Yes, this is a short story of a cellphone named Darryl.
Hi, my name is Darryl. I’m a cell phone. My make and model don’t matter. All I know is that I have to do my job and survive for two years before I can retire in peace.
I belong to a young 26 year old man that is clearly just enjoying his life. We’ve been only been together for 5 months, 23 days and 19 hours and 39 minutes but he seems to care about me. I’m usually in a warm pocket, a cool desk or a soft bed. Sometimes I get placed on new surfaces and there’s a little worry that I will be forgotten. So far so good though, unlike those pesky keys which sometimes get left inside (HA, That’s why I’m first in PKW). I would say that I vary between heavily used to utter nothingness pretty often. Like I said, I have a job to do but I do get a good amount of rest.
The biggest worry that us phones talk about is breaking and being replaced. We want to work and do our jobs but it’s like they keep making us thinner and more frail on purpose. WHY? Do you know how terrifying it is to see a wood floor or concrete sidewalk flying up at you through both of your cameras? First thought is always, “Welp, there goes my screen.” I’m just glad that we’ve evolved past the point where pieces of us were breaking off. Also, this dumb case I’m in thinks he’s sooo tough but I don’t trust him. One weird angle and I look like a colorful spiderweb. I’ve been dropped a couple times and luckily I haven’t broken but that sheer terror never goes away.

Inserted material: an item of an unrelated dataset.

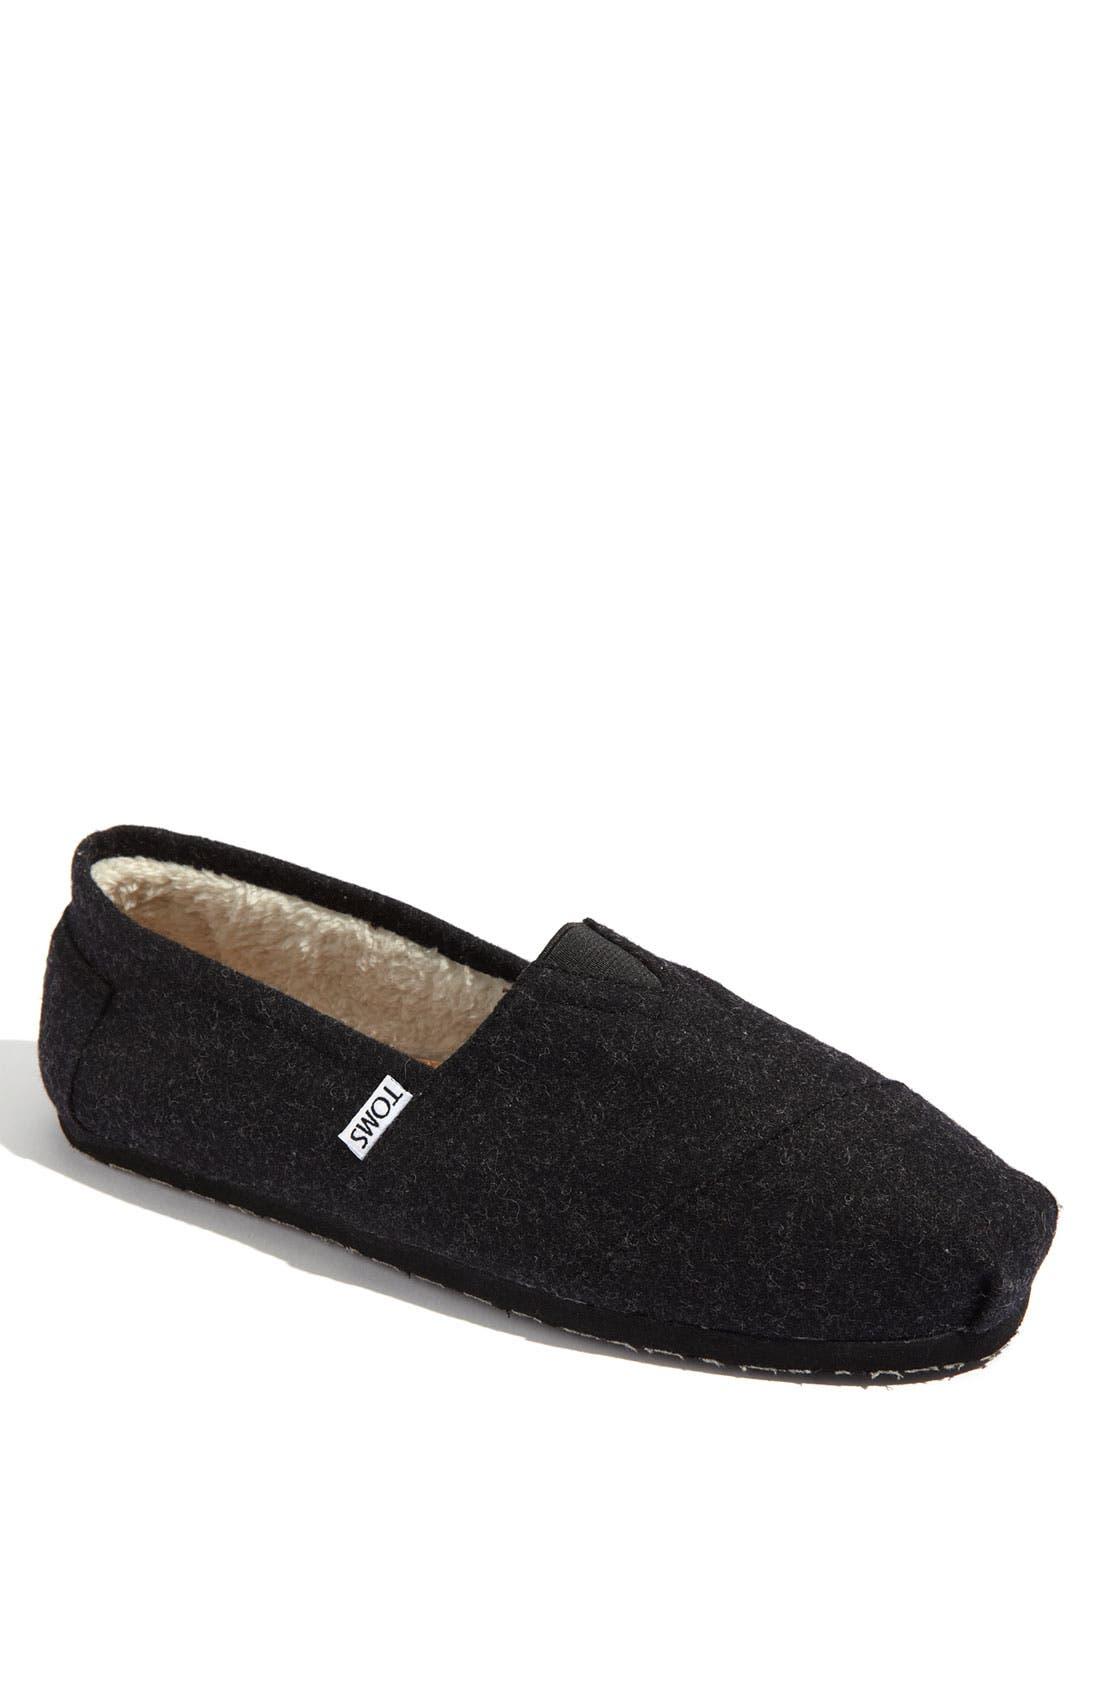 Main Image - TOMS 'Classic' Woolen Slip-On (Men)

Survive the toss to the bed when he’s tired of me receiving messages (he doesn’t like you girl). Survive the drunken nights when the chance of a spilled drink rises exponentially (I hate rice). Survive time itself (Did you know they already made a 2nd Google Pixel???). Many of us don’t even make it to two years but the lucky few get to rest easy as grizzled vets prepared for our next journey.
I love the swiping, vibrating, the tickling of when a text is being typed. The warmth of my bottom when I’m charging up. I know that soon enough that I will lose functionality, get slower and newer models will be introduced. I’m okay with this but for as long as I’m around I will try my best.
But in the back of my CPU there will always be the thought: “Survive…survive…survive.”